I have about 40 lippies or so I can find and my daughter has a beg. collection of about 10 or so but I won't include those but I do have access to them lol  Honeyflower Viva Glam VI Viva Glam V Kinda Sexy Hue Plink Hug me Honeylove  Pure Zen Viva Glam VI special ed.  Classical Blankety  Way to Love Freckletone  Utter Pervette  tangerine dream Politely Pink Hello Kitty Big Bow Lightly Ripe Smile Snob Viva Glam Gaga 2 Fanfare Her Fancy Twig Twig Pervette  2N Pretty Please  To Pamper Disney Villans Sinister Myth About town  Sandy B Candy Yum Yum  Festivity  Morange  Slimshine kissable  Slimshine Missy Slimshine pink d'lush  Slimshine Gentle simmer Rebel  Sail la vie salute Shanghai Spice


----------



## elinadesiree (Jun 3, 2015)

I have 13 and it stresses me. I want them to be worn and not sit in a drawer, but I find myself reaching for other brands most times. In order from first buy to most recent: Lovelorn, Patisserie, Cockney, Utter fun, Blow Dry, Russian Red, Lustering, Creme Cup, Please me, Made with love, Relentlessly Red, Lady Danger, Velvet Teddy.


----------



## Erica53094 (Jun 3, 2015)

elinadesiree said:


> I have 13 and it stresses me. I want them to be worn and not sit in a drawer, but I find myself reaching for other brands most times. In order from first buy to most recent: Lovelorn, Patisserie, Cockney, Utter fun, Blow Dry, Russian Red, Lustering, Creme Cup, Please me, Made with love, Relentlessly Red, Lady Danger, Velvet Teddy.


    Lol I'm horrible at putting together eyeshadow looks so I go with lipsticks. Or blush actually. Like you can never go wrong w a lipstick. I mix them together or wear alone.
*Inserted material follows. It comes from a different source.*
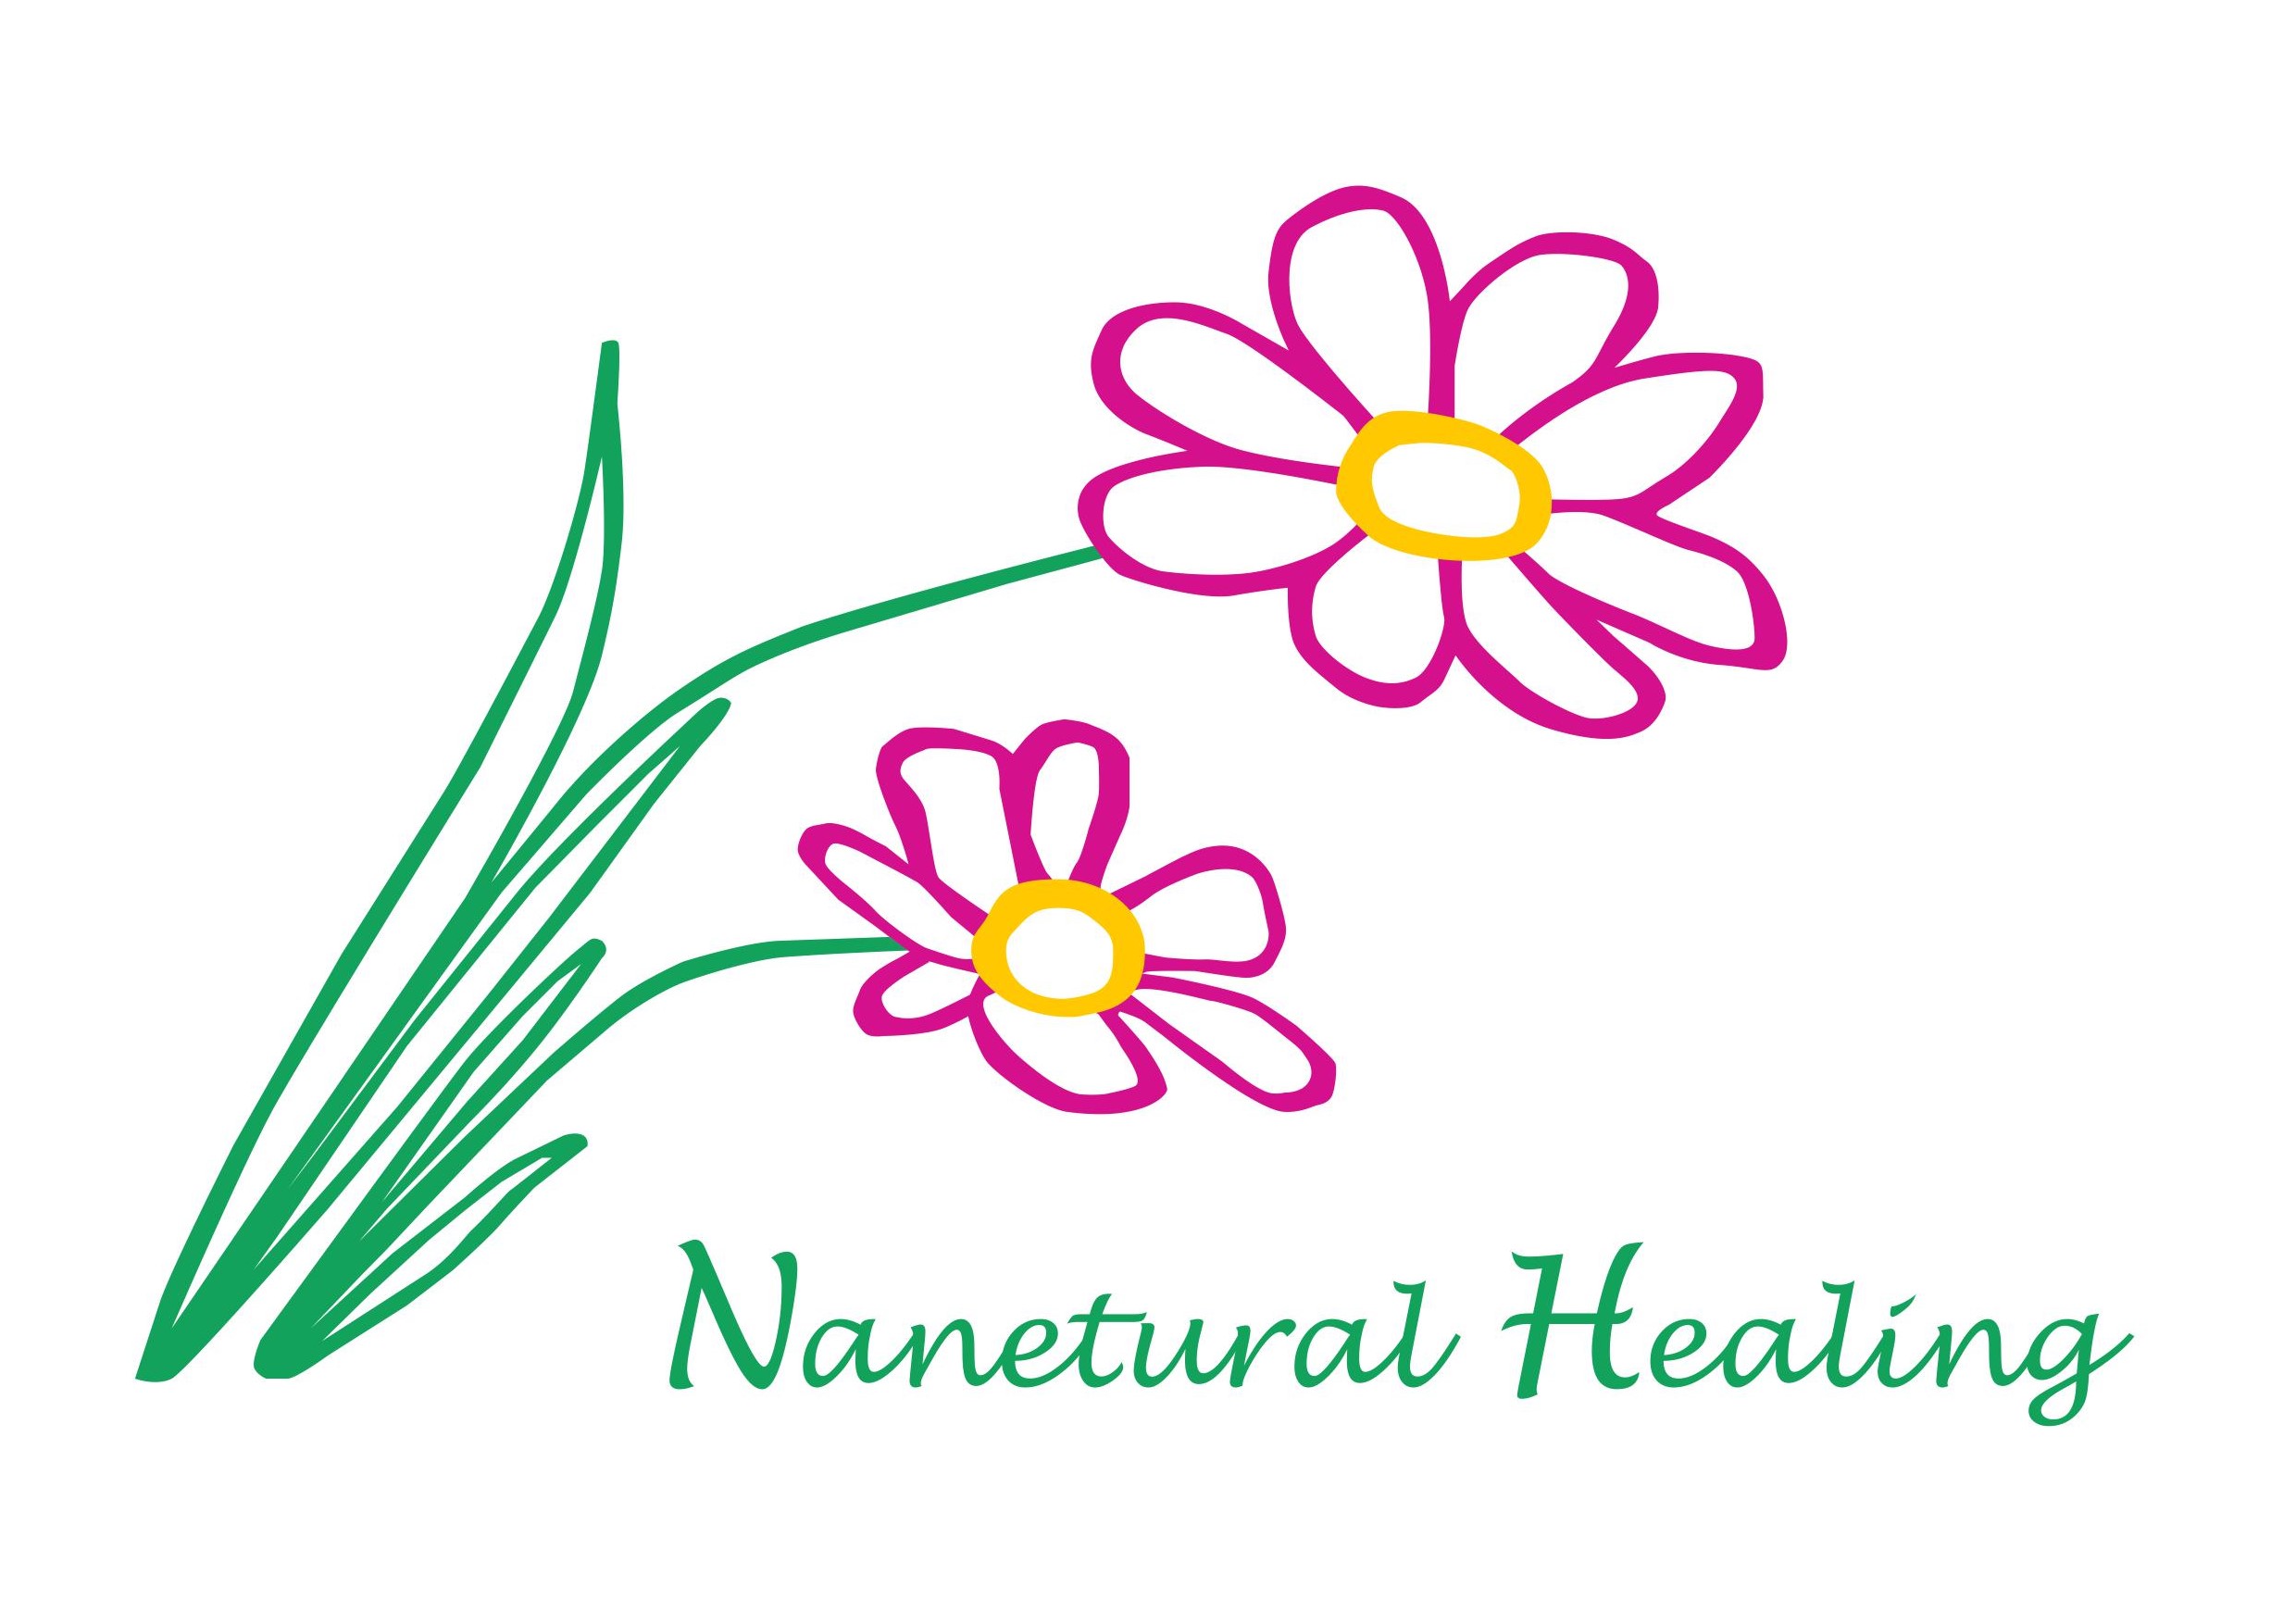 Nanetural Healing

I sometimes watch movies and try on lipsticks so they never just sit and collect dust ha ha!


----------



## elinadesiree (Jun 6, 2015)

Erica53094 said:


> Lol I'm horrible at putting together eyeshadow looks so I go with lipsticks. Or blush actually. Like you can never go wrong w a lipstick. I mix them together or wear alone. I sometimes watch movies and try on lipsticks so they never just sit and collect dust ha ha!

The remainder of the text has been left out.